▶ **TO DO**
Using the data below, set down every line from the one containing "Know about medical" through the one containing "Volunteers Nelson Bonet", inclusive and unchanged. Pictures are to be skipped.

▶ **SOURCE RECORDS**
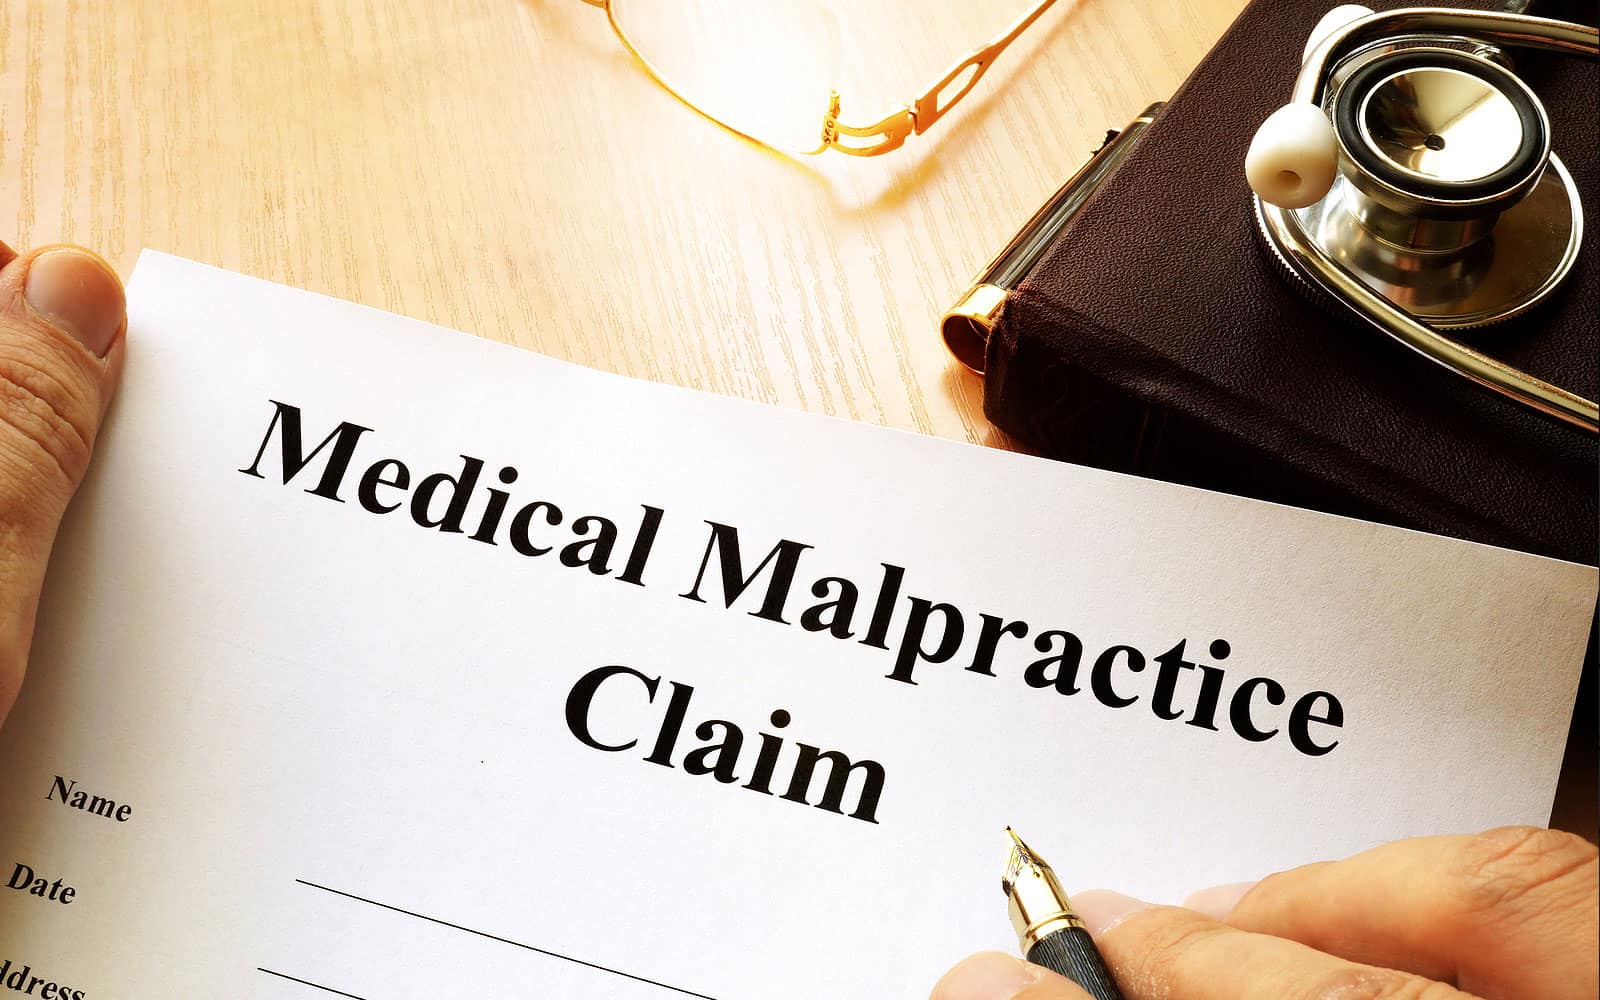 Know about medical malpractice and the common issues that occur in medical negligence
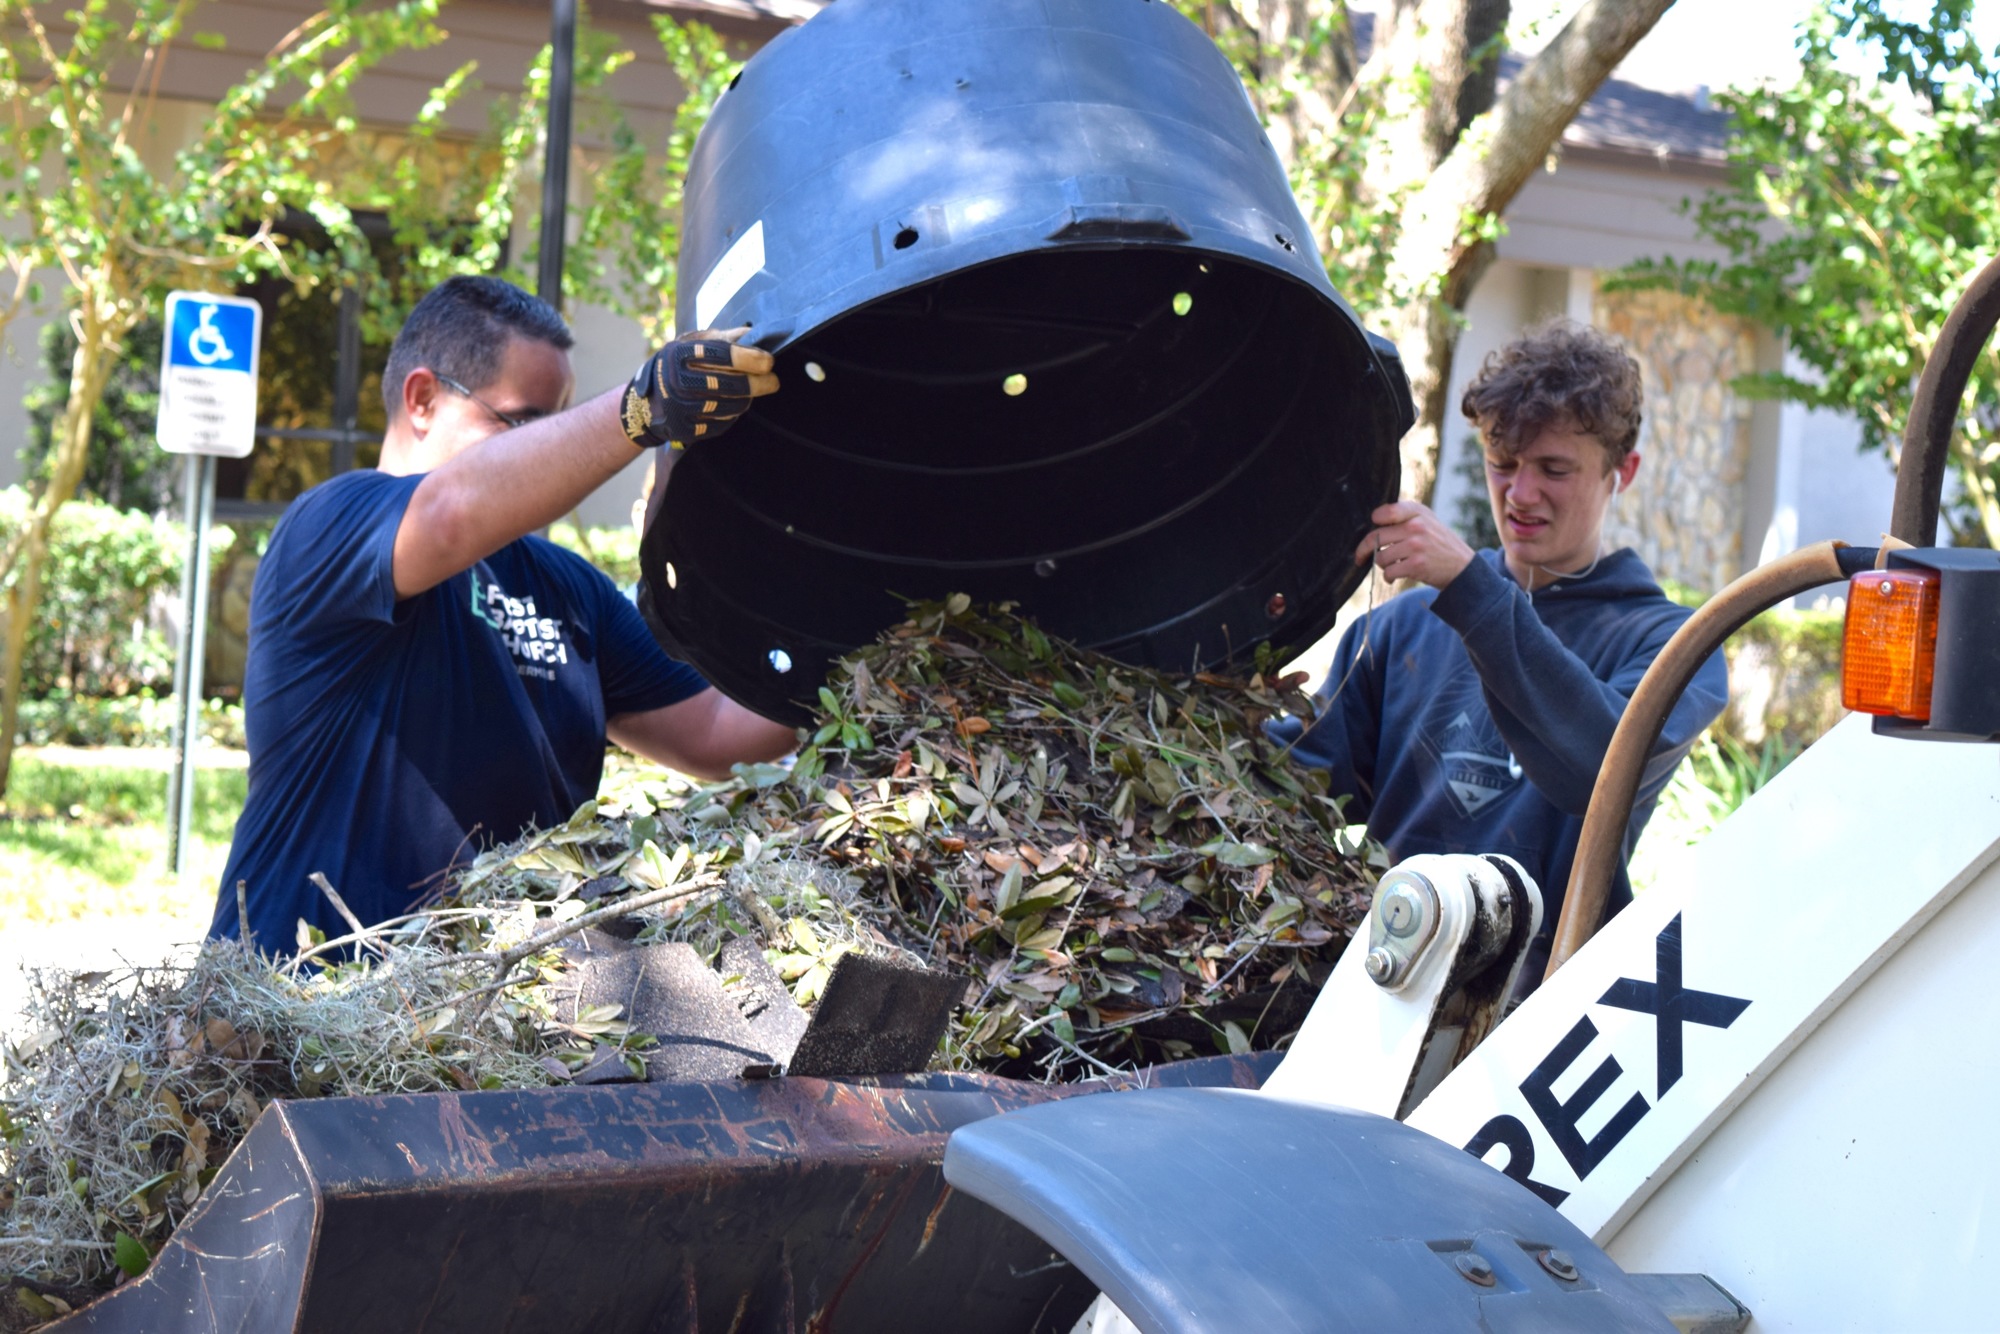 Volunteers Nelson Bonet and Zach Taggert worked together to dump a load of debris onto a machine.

---

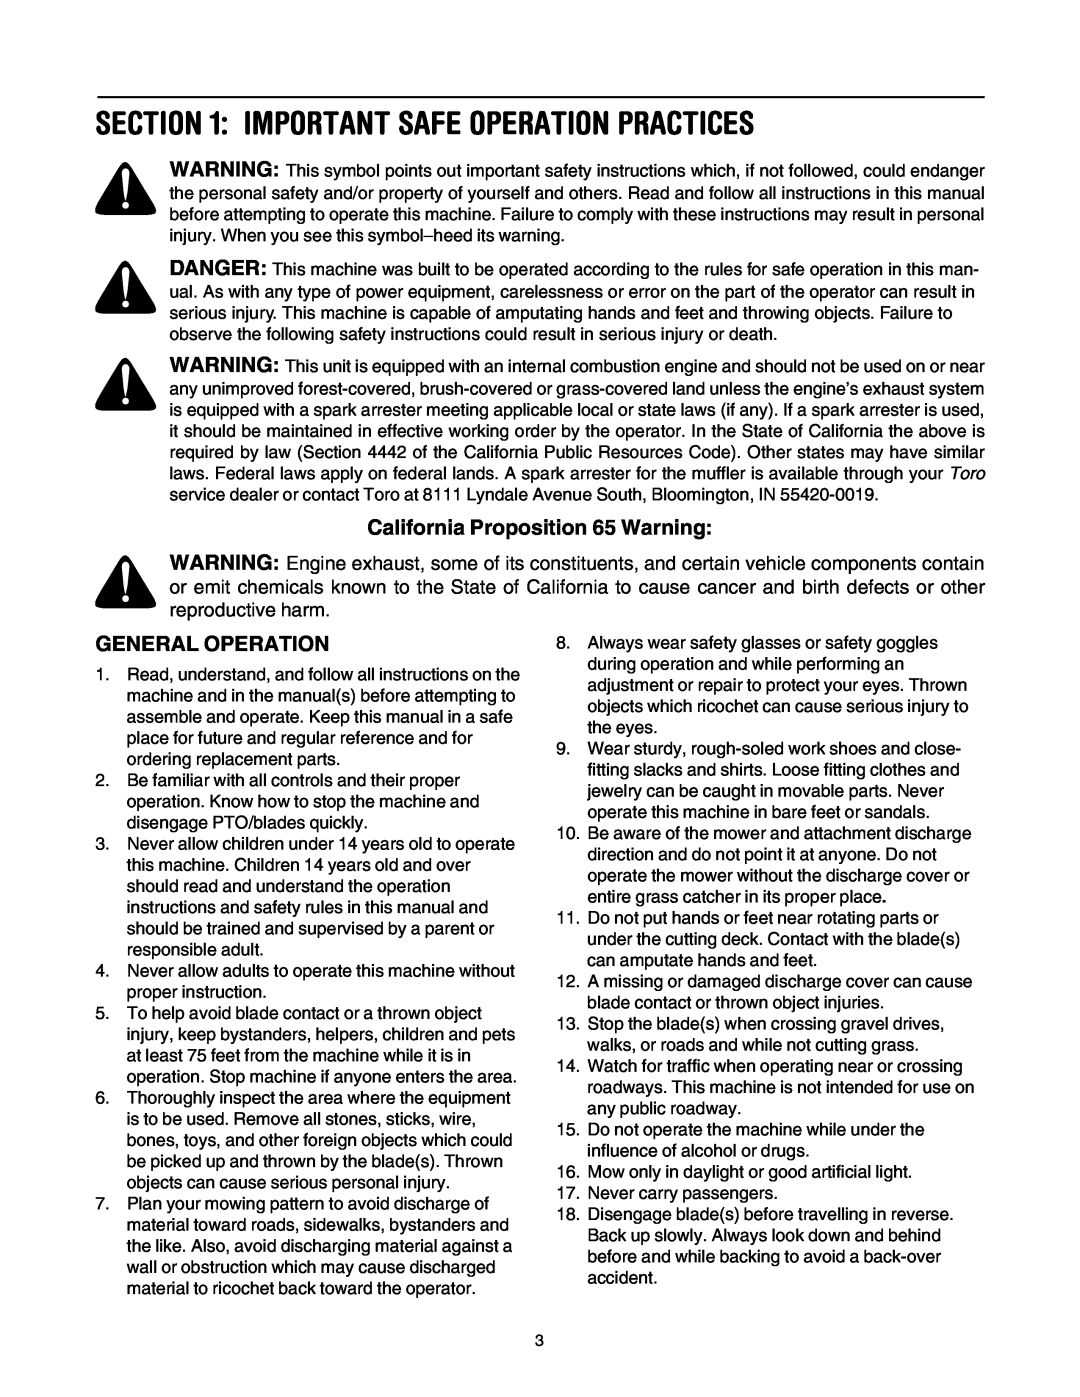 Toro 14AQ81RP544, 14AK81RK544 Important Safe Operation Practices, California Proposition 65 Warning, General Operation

--

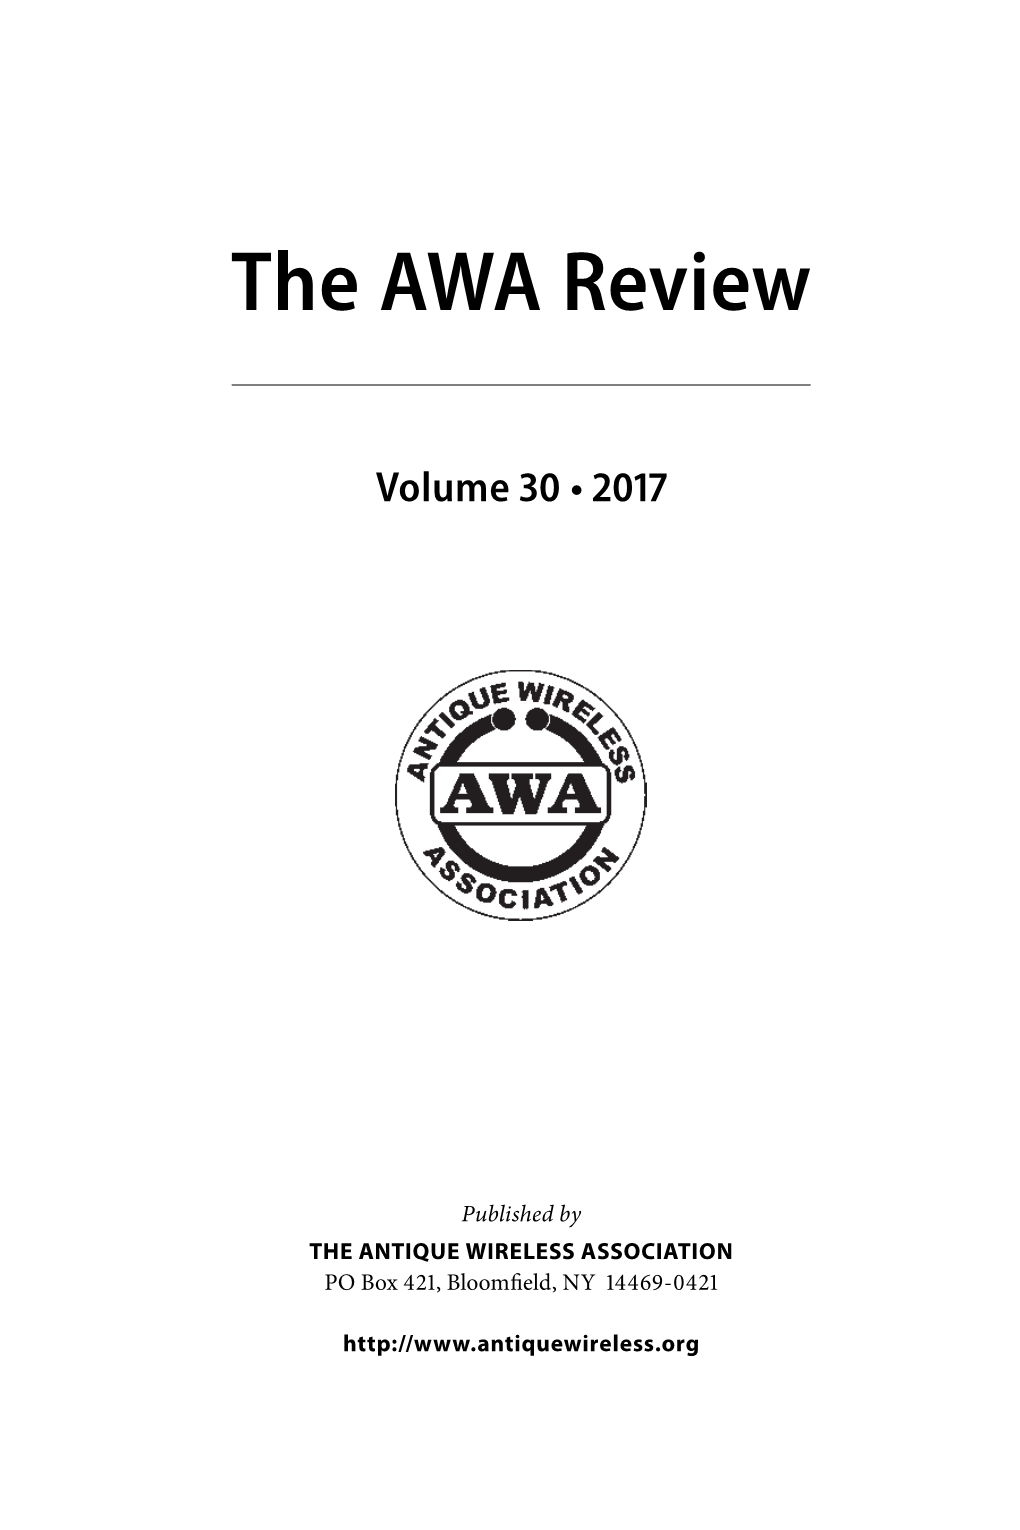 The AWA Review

▶ **ANSWER TO THIS TASK**
 Know about medical malpractice and the common issues that occur in medical negligence
 Volunteers Nelson Bonet and Zach Taggert worked together to dump a load of debris onto a machine.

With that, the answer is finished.